Built upon a fantastic premise with mixed results, the horror anthology Satanic Hispanics offers up five short films from five of the better-known Latino genre filmmakers, including Demian Rugna (When Evil Lurks), Gigi Saul Guerrero (Culture Shock), Eduardo Sanchez (The Blair Witch Project), Mike Mendez (Big Ass Spider), and Alejandro Brugues (Juan of the Dead). Mendez directs the primary story (called “The Traveler”), from which the other four stories stem, involving a police raid on an El Paso house filled with dead Latinos, save one survivor calling himself the Traveler (Efren Ramirez, best known as Pedro in Napoleon Dynamite). He’s brought in for questioning by police detectives (Greg Grunberg and Sonya Eddy), and he explains that he’s been alive for decades (possibly longer) because he cannot die and that a great evil is following him and will arrive in 90 minutes to kill everyone.
As the Traveler is being interrogated, he tells the other stories in Satanic Hispanics, which he has collected over his lengthy stay being alive, including tales about portals to other worlds, mythical creatures, vampires, the undead, and my personal favorite, Brugues’s “The Hammer of Zanzibar,” starring Jonah Ray Rodrigues, about a demon with a large… “hammer,” which can be used as a weapon against other such supernatural creatures.
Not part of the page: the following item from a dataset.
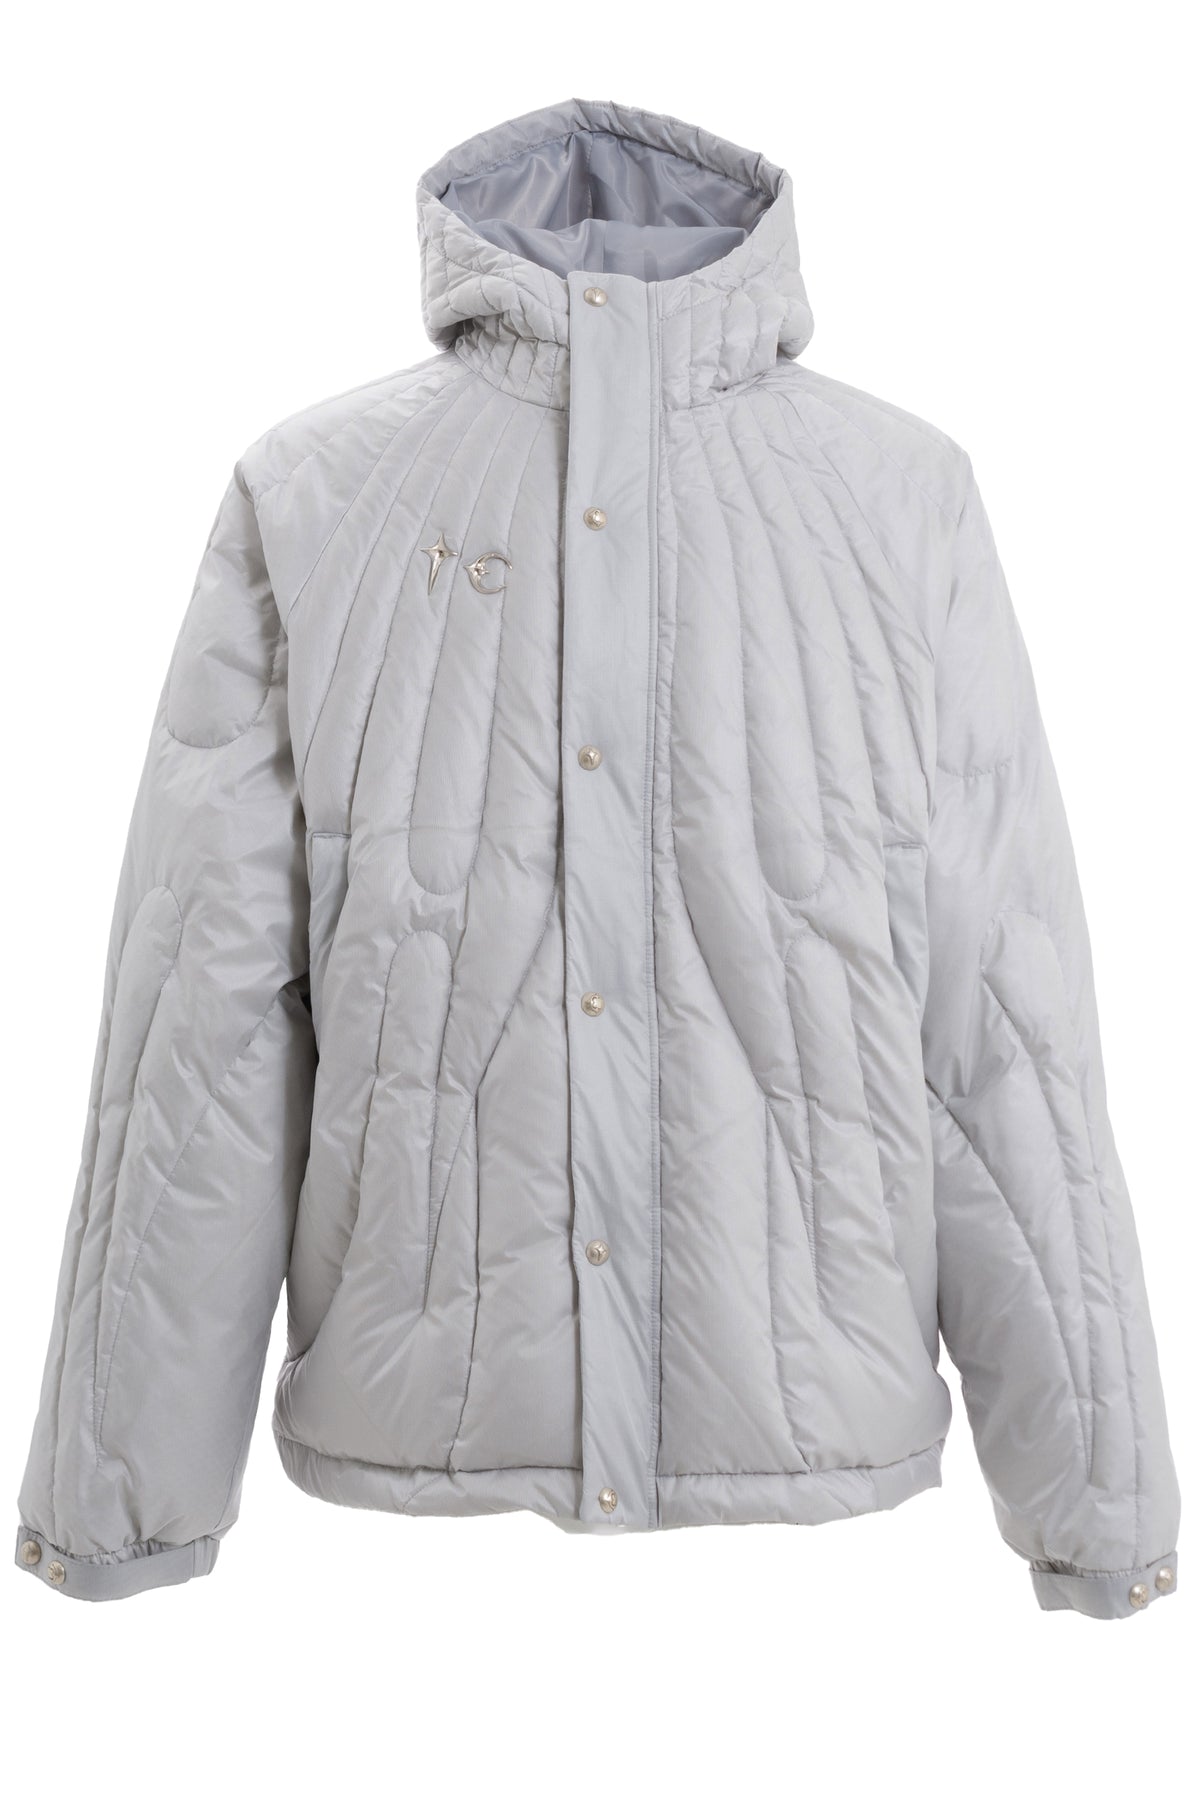 CAVE GOOSE DOWN JACKET / SIL

Watching the film is cathartic in many ways. Not only does it feature talented Latino filmmakers behind the camera, but most of the actors are Hispanic, and some of the stories are drawn from Latin American folklore and legends. Satanic Hispanics also embraces the cinematic tones often found in Latin cinema. For example, Sanchez’s “El Vampiro” is a straight-up comedy, featuring a reckless bloodsucker prowling the streets on Halloween night because he doesn’t stand out and getting dangerously close to getting caught outside when the sun rises because he forgot to reset his watch for the autumn time change.
“Tambien Lo Vi” delivers a classic and sometimes genuinely scary ghost story, while “Nahuales” brings a surreal edge to a culturally specific folk horror yarn. And Mendez’s through-line serves as a complete and quite compelling fifth part to this anthology that isn’t just there to spin off the others but acts as its own tense, action-packed segment. Like most horror anthologies, not all of the chapters work as well as the others. Some are slow or just not that scary, but there’s something about bringing all of this talent into one place that makes for a unique horror experience. Despite the very different tones of each piece of Satanic Hispanics, it does feel strangely unified and beautifully realized.
The film opens in theaters September 14.